We describe a simple theoretical framework for identifying orthologous sets of genes that deviate from a clock-like model of evolution. The approach used is based on comparing the evolutionary distances within a set of orthologs to a standard intergenomic distance, which was defined as the median of the distribution of the distances between all one-to-one orthologs. Under the clock-like model, the points on a plot of intergenic distances versus intergenomic distances are expected to fit a straight line. A statistical technique to identify significant deviations from the clock-like behavior is described. For several hundred analyzed orthologous sets representing three well-defined bacterial lineages, the α-Proteobacteria, the γ-Proteobacteria, and the Bacillus-Clostridium group, the clock-like null hypothesis could not be rejected for ∼70% of the sets, whereas the rest showed substantial anomalies. Subsequent detailed phylogenetic analysis of the genes with the strongest deviations indicated that over one-half of these genes probably underwent a distinct form of horizontal gene transfer, xenologous gene displacement, in which a gene is displaced by an ortholog from a different lineage.
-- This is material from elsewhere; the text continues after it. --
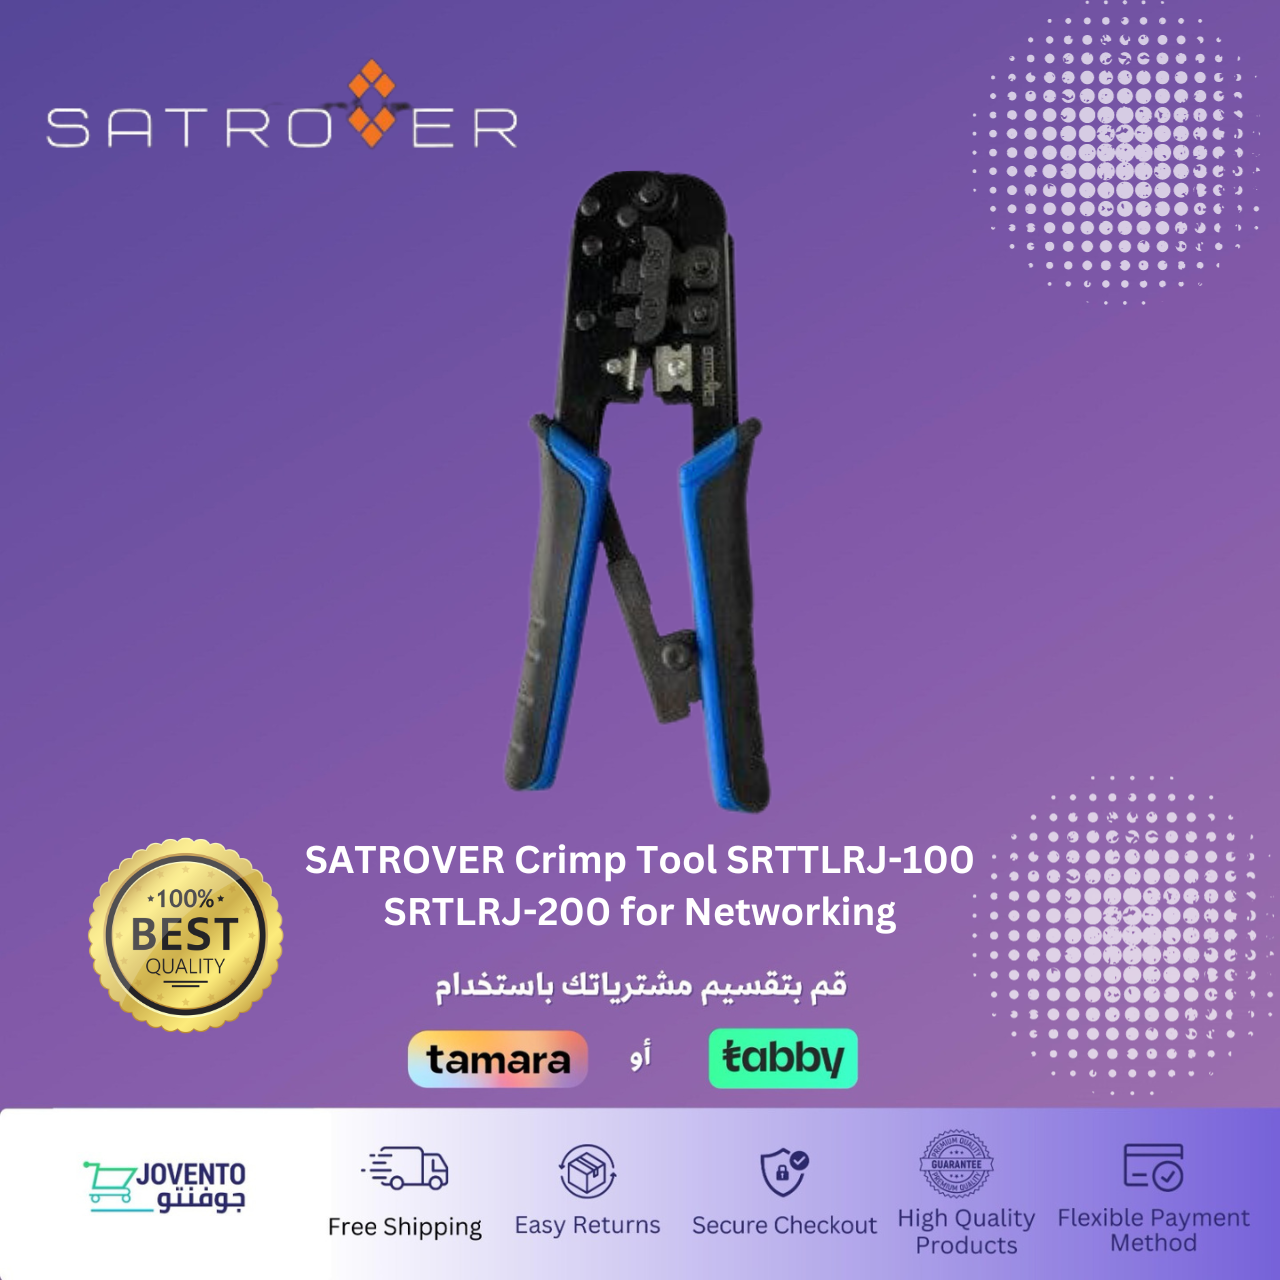 SATROVER Crimp Tool SRTTLRJ-100 SRTLRJ-200 for Networking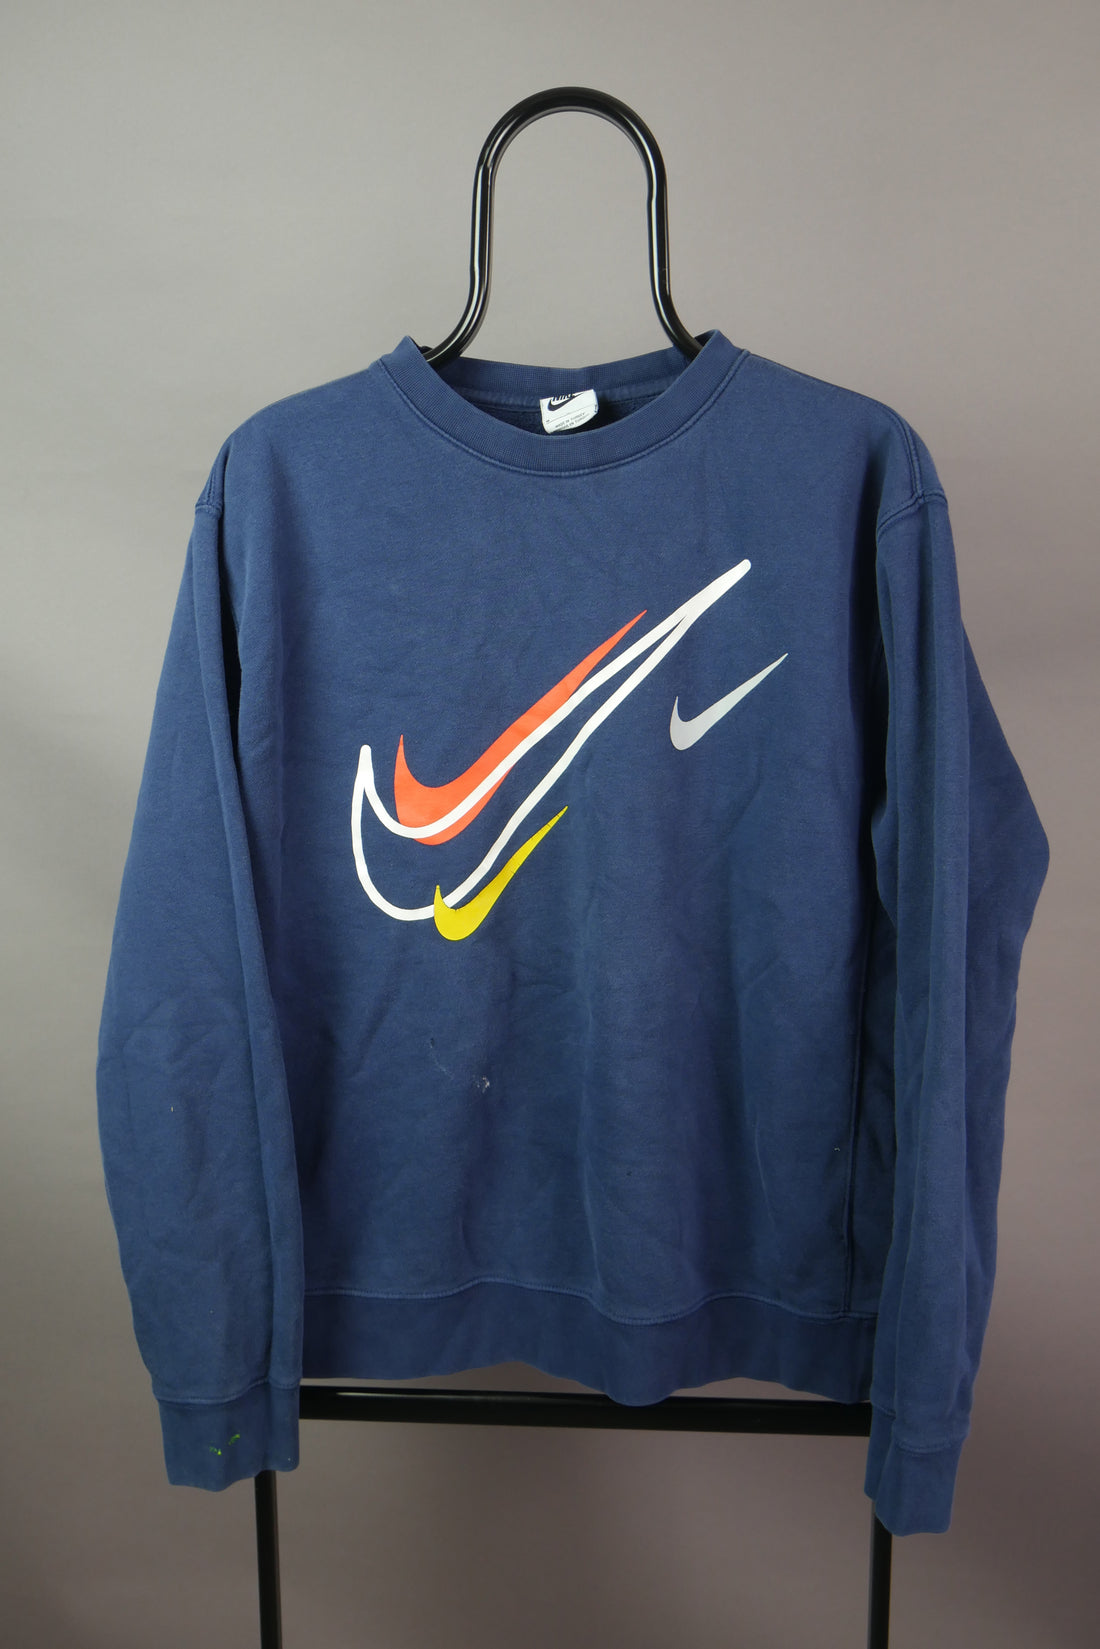 The Nike Graphic Sweatshirt (M)

The remaining deviations from the clock-like model could be explained by lineage-specific acceleration of evolution. The results indicate that although xenologous gene displacement is a major force in bacterial evolution, a significant majority of orthologous gene sets in three major bacterial lineages evolved in accordance with the clock-like model. The approach described here allows rapid detection of deviations from this mode of evolution on the genome scale.